Sebagaimana diketahui, kata Wagub di Padang, Kamis (17/3/2016) usai membuka seminar kebijakan fiskal di sebuah hotel, Januari 2017, pemerintah pusat kembali mengeluarkan kebijaksanaan bahwa yang mengurus pendidikan tingkat SLTP dan SLTA kembali ke provinsi dari kabupaten dan kota. Dan kabupaten/kota kembali hanya mengurus pendidikan dasar (SD) dan TK.

“Pengembalian wewenang ini, akan membuat pegawai di lingkungan Pemprov Sumbar

menjadi hampir 30.000 orang dari hanya 8000 pegawai di provinsi. Masalahnya akan timbul bila semua guru dan pagawai di jajaran Dinas Pendidikan ini harus diberikan tunjungan daerah,” katanya.

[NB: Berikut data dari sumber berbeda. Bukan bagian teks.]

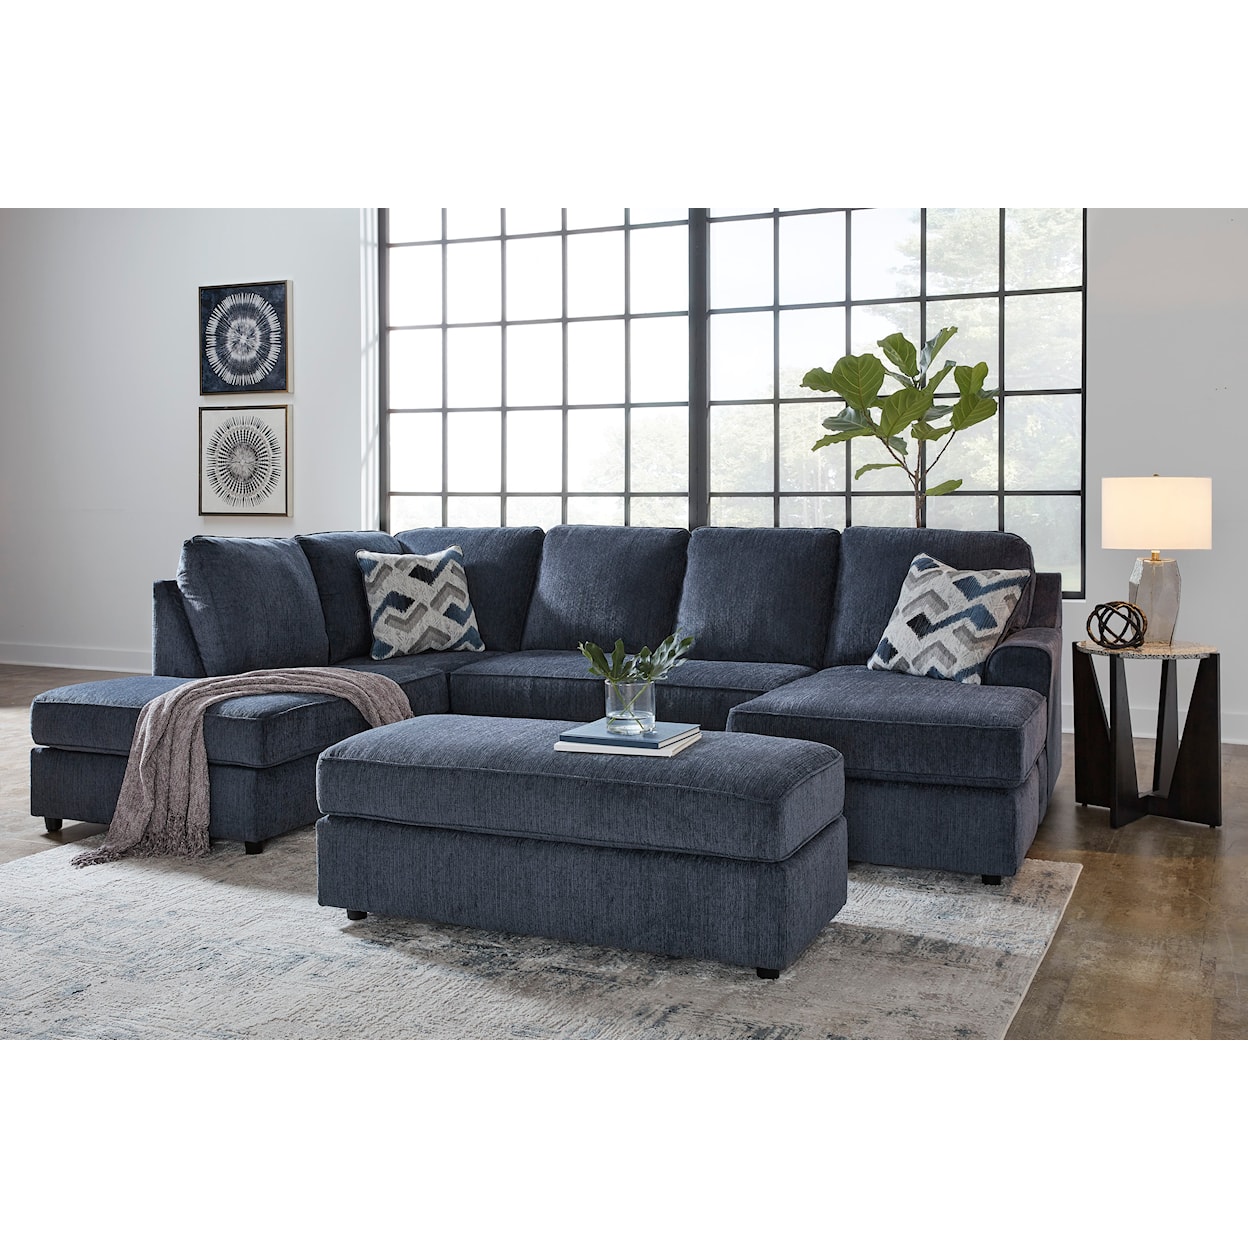 Ashley Furniture Signature Design Albar Place Living Room Set
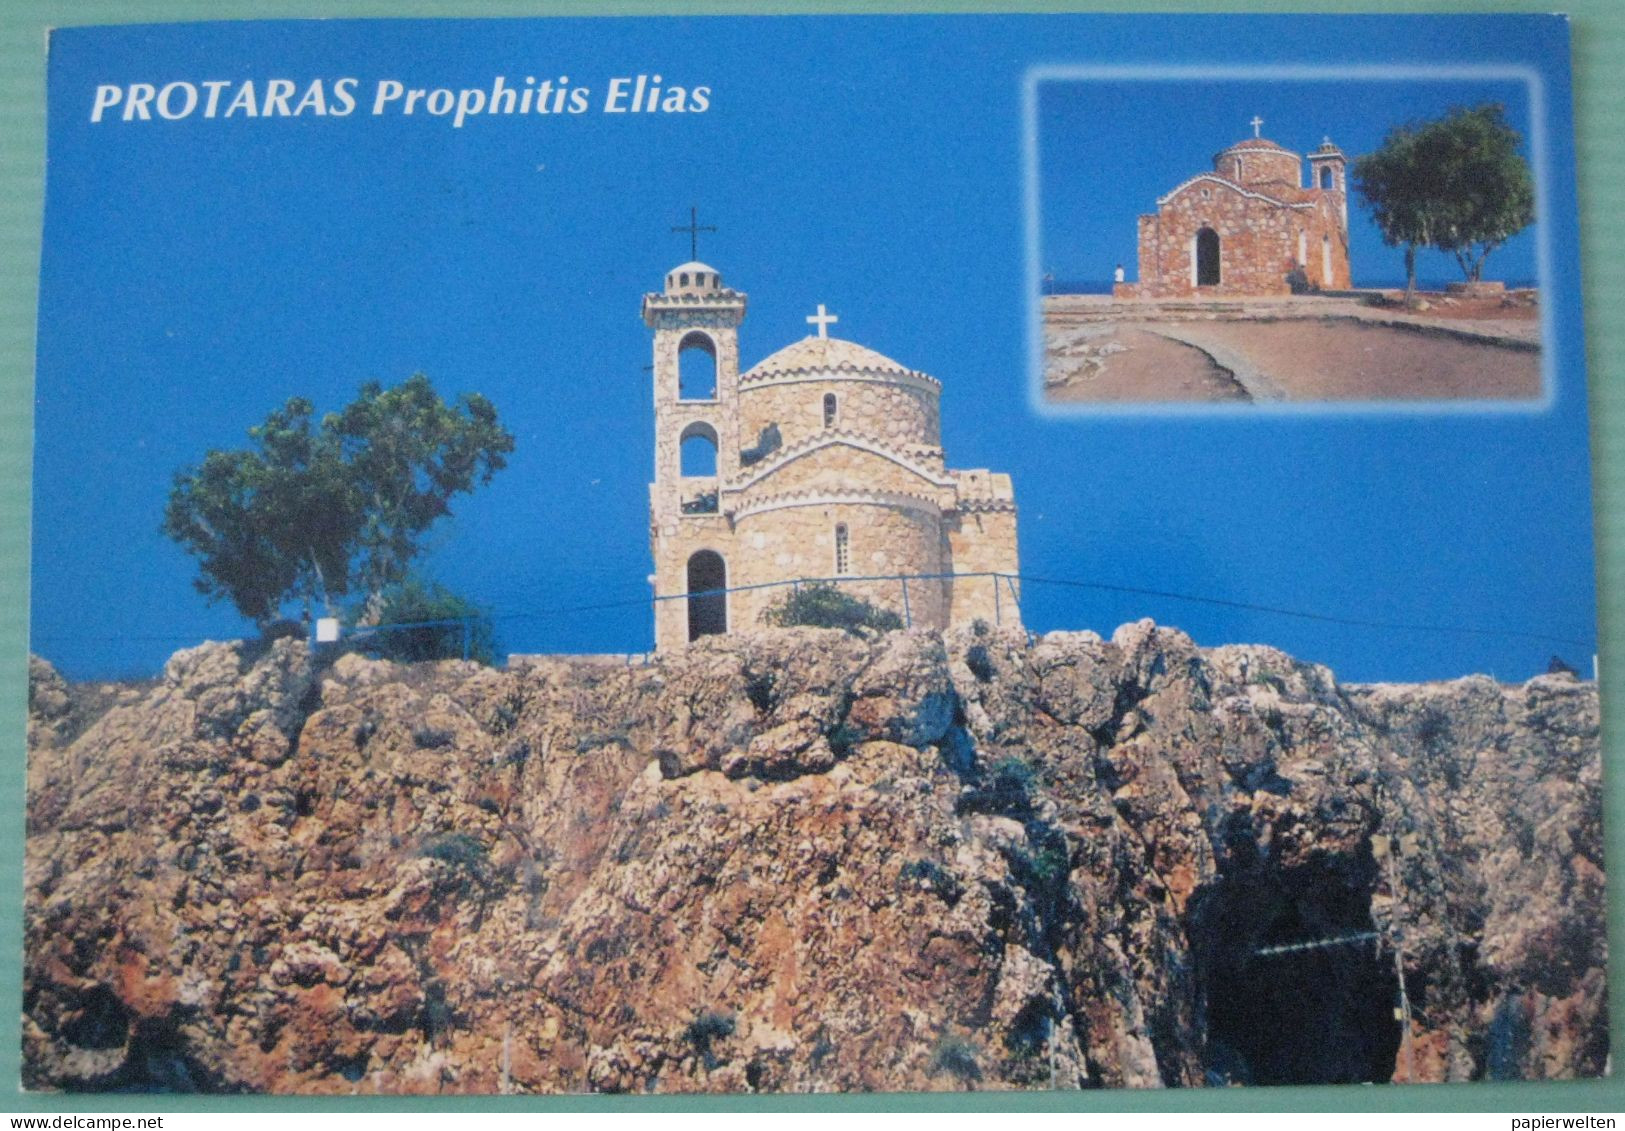 Protaras / Πρωταράς - Prophitis Elias Church - Cyprus

Sekarang, sambungnya, Pemprov sedang mengkaji, apakah guru yang dapat tunjangan sertifikasi harus juga dapat tunjangan darah. “Kalau diberi tunjangan daerah, jelas akan menjadi beban APBD Sumbar dan bisa-bisa Pemprov Sumbar jadi bangkrut,” tegasnya.

Untuk itu, karena pendidikan adalah tanggungjawab semua dan dalam UU Pendidikan diamanatkan

dana pendidikan sebesar 20 persen dari APBN dan APBD, kabupaten dan kota juga harus memikirkan hal ini.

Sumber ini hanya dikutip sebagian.